▶ Aim of the exercise
All that is needed is the line containing "OLED 128×64 Pixel, I2C, 0.96" and the lines after it to the end of the material, written out exactly, pictures left aside.

▶ Input data

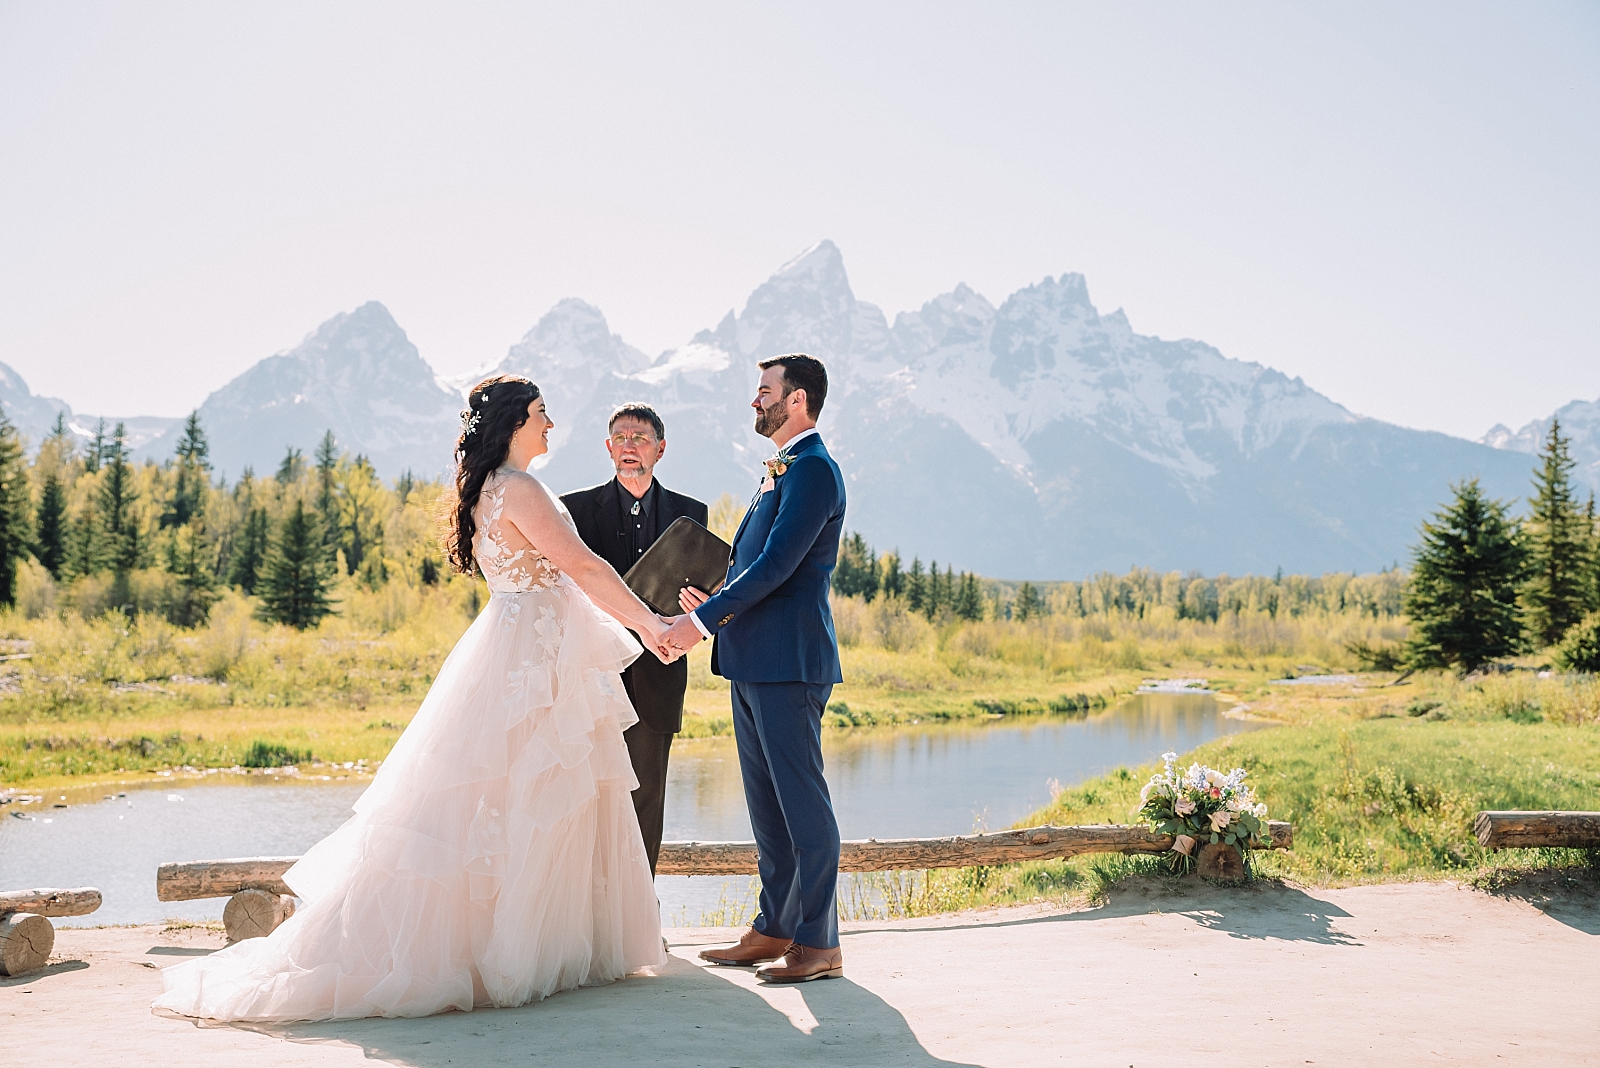 Couple elopes in intimate wedding ceremony at Schwabacher's Landing
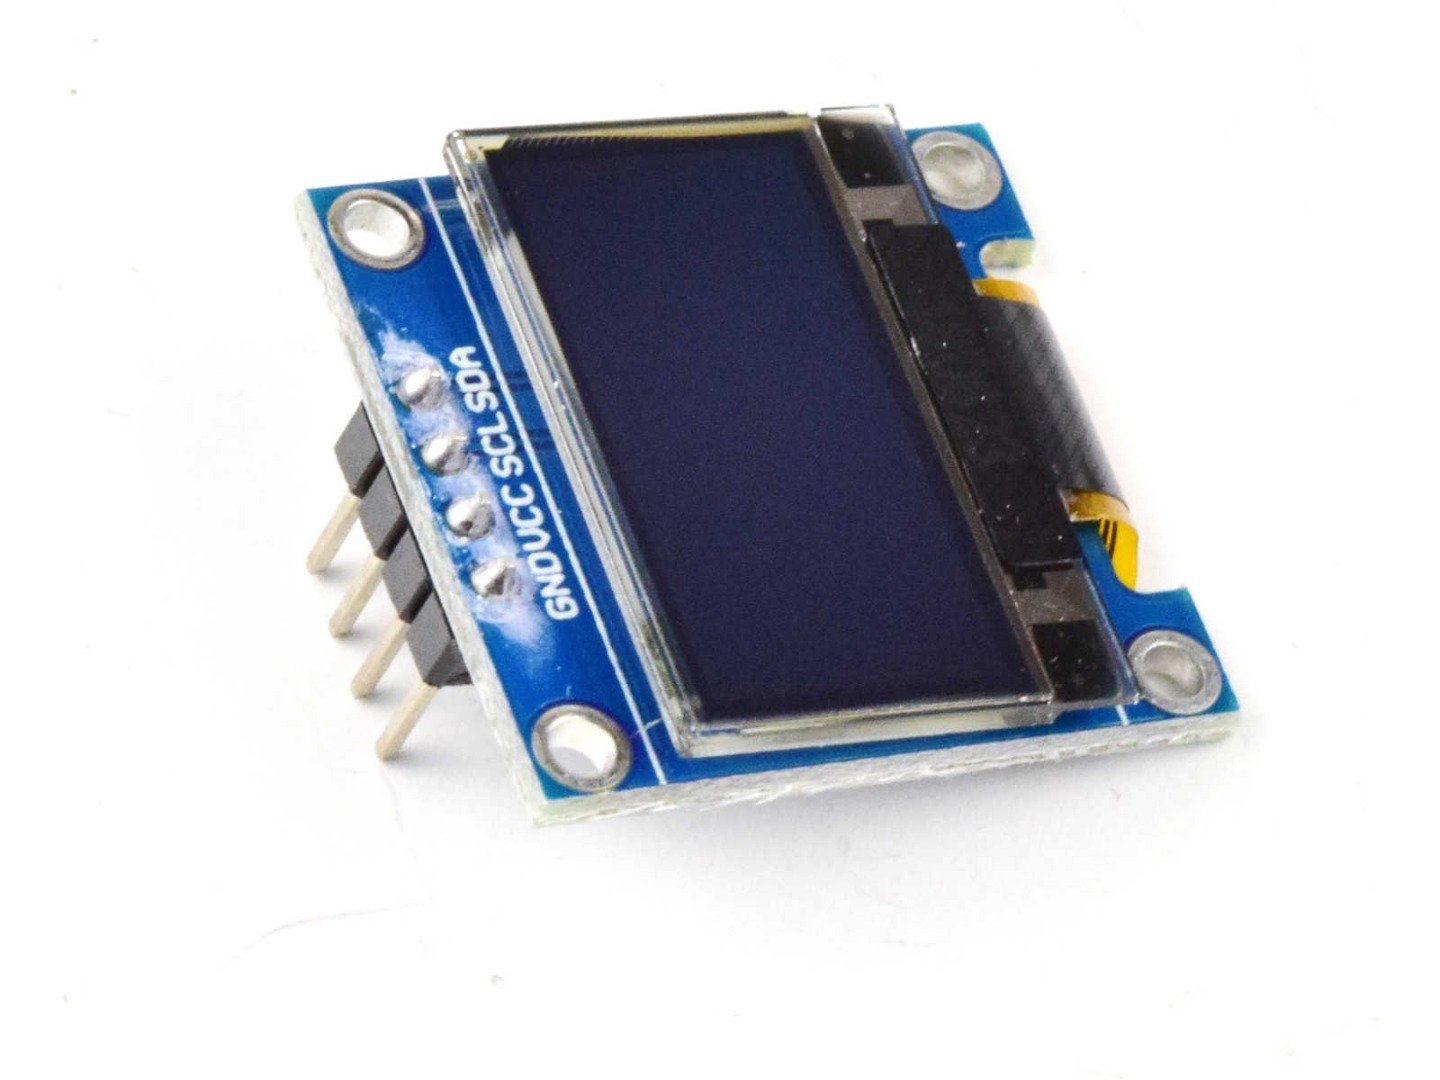 OLED 128×64 Pixel, I2C, 0.96 inch, SSD1306 SH1106, 3-5V (100% compatible with Arduino) 7
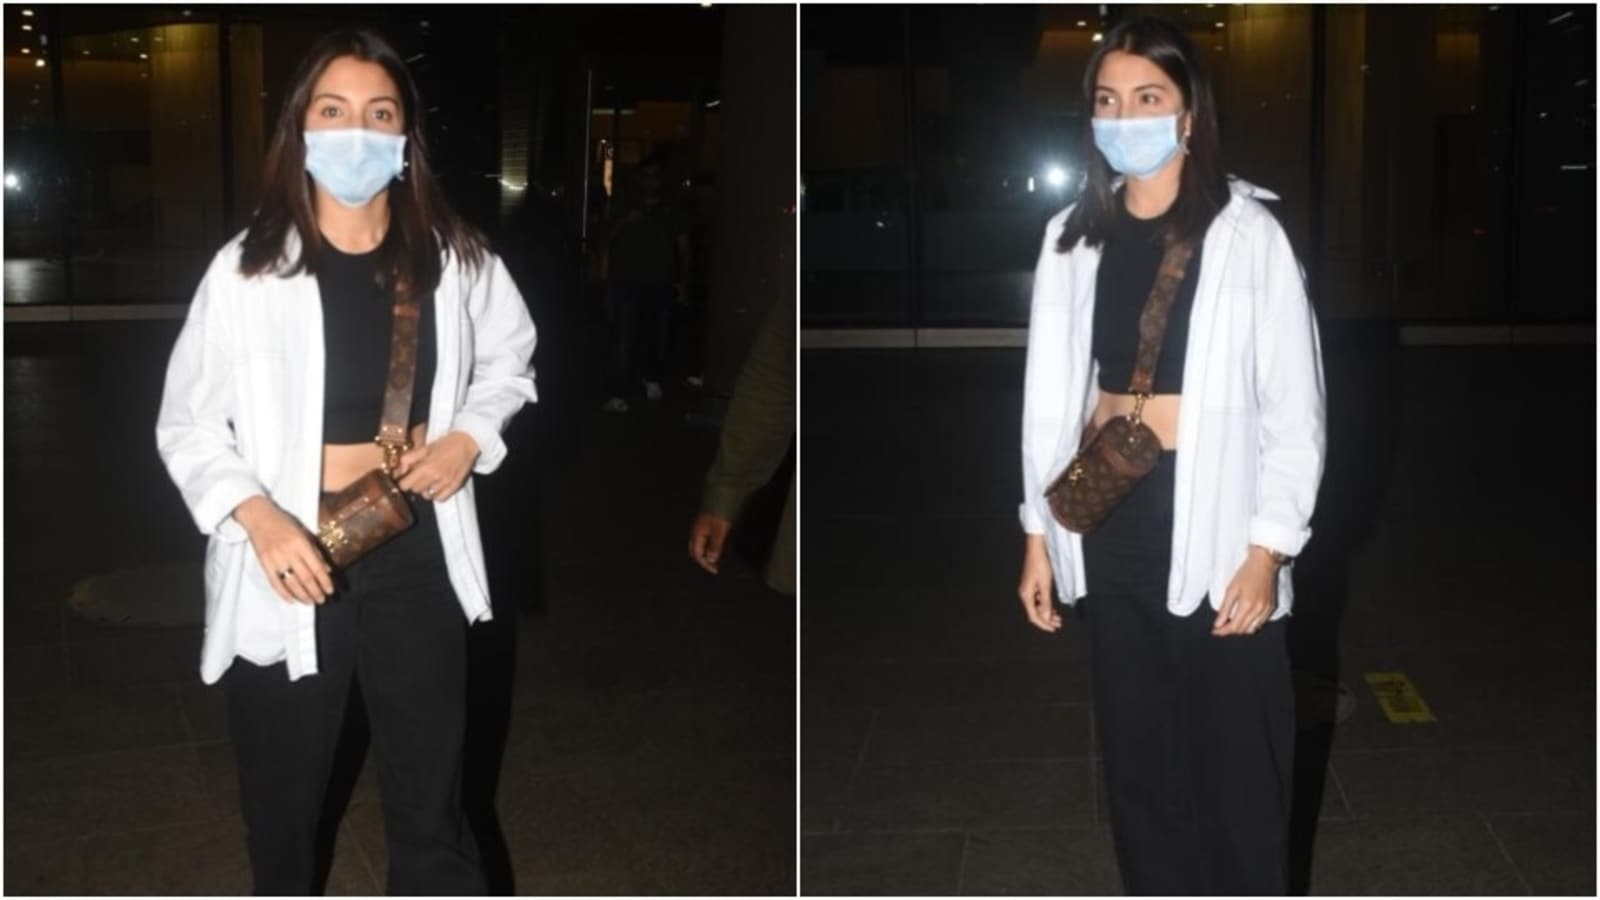 anushka-sharma-is-the-queen-of-monochrome-dressing-as-she-aces-an-effortless-airport-look-check-out-pics-video
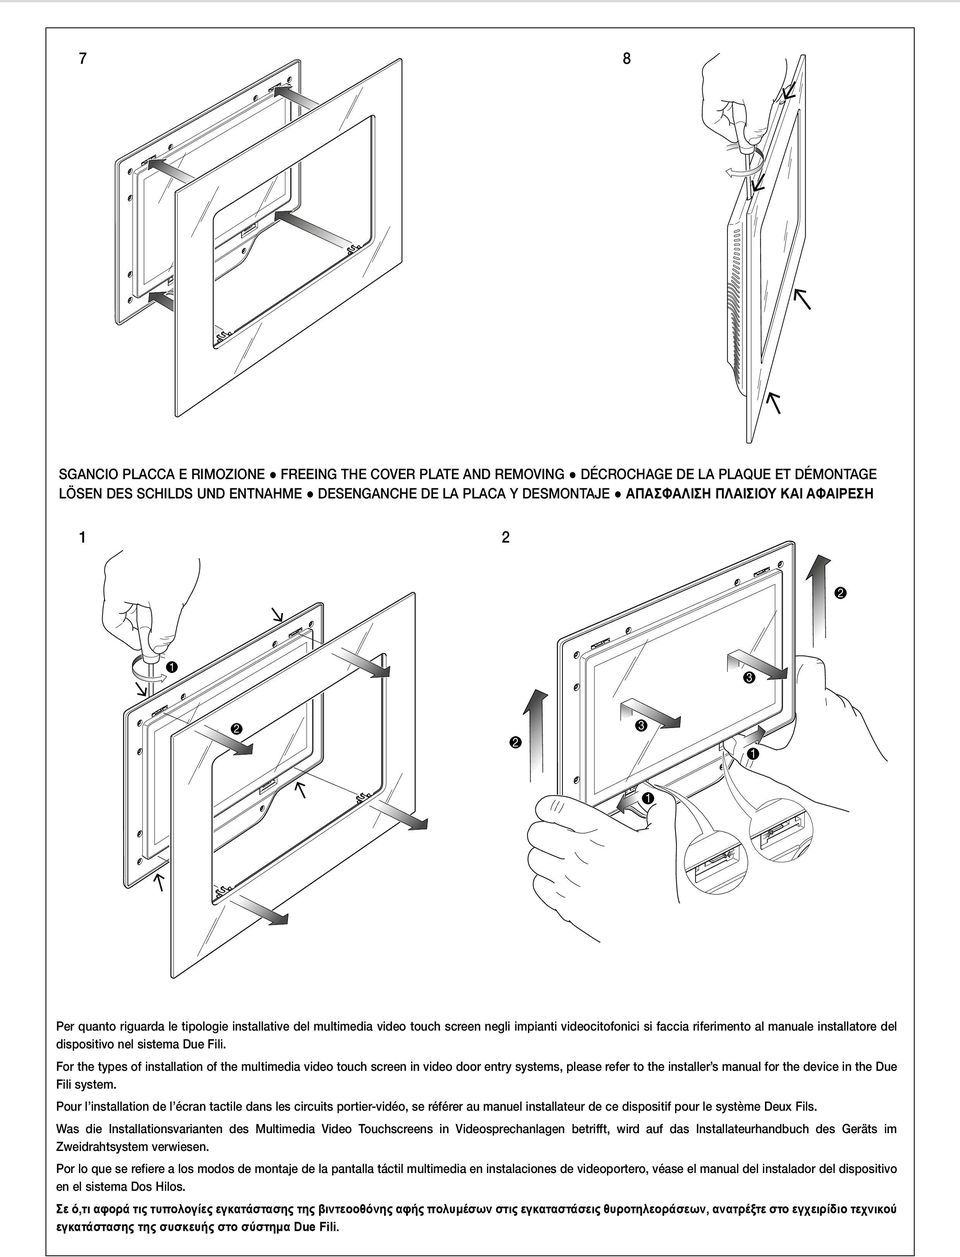 Due Fili. For the types of installation of the multimedia video touch screen in video door entry systems, please refer to the installer s manual for the device in the Due Fili system.

▶ Exercise result
 OLED 128×64 Pixel, I2C, 0.96 inch, SSD1306 SH1106, 3-5V (100% compatible with Arduino) 7
 anushka-sharma-is-the-queen-of-monochrome-dressing-as-she-aces-an-effortless-airport-look-check-out-pics-video
 Due Fili. For the types of installation of the multimedia video touch screen in video door entry systems, please refer to the installer s manual for the device in the Due Fili system.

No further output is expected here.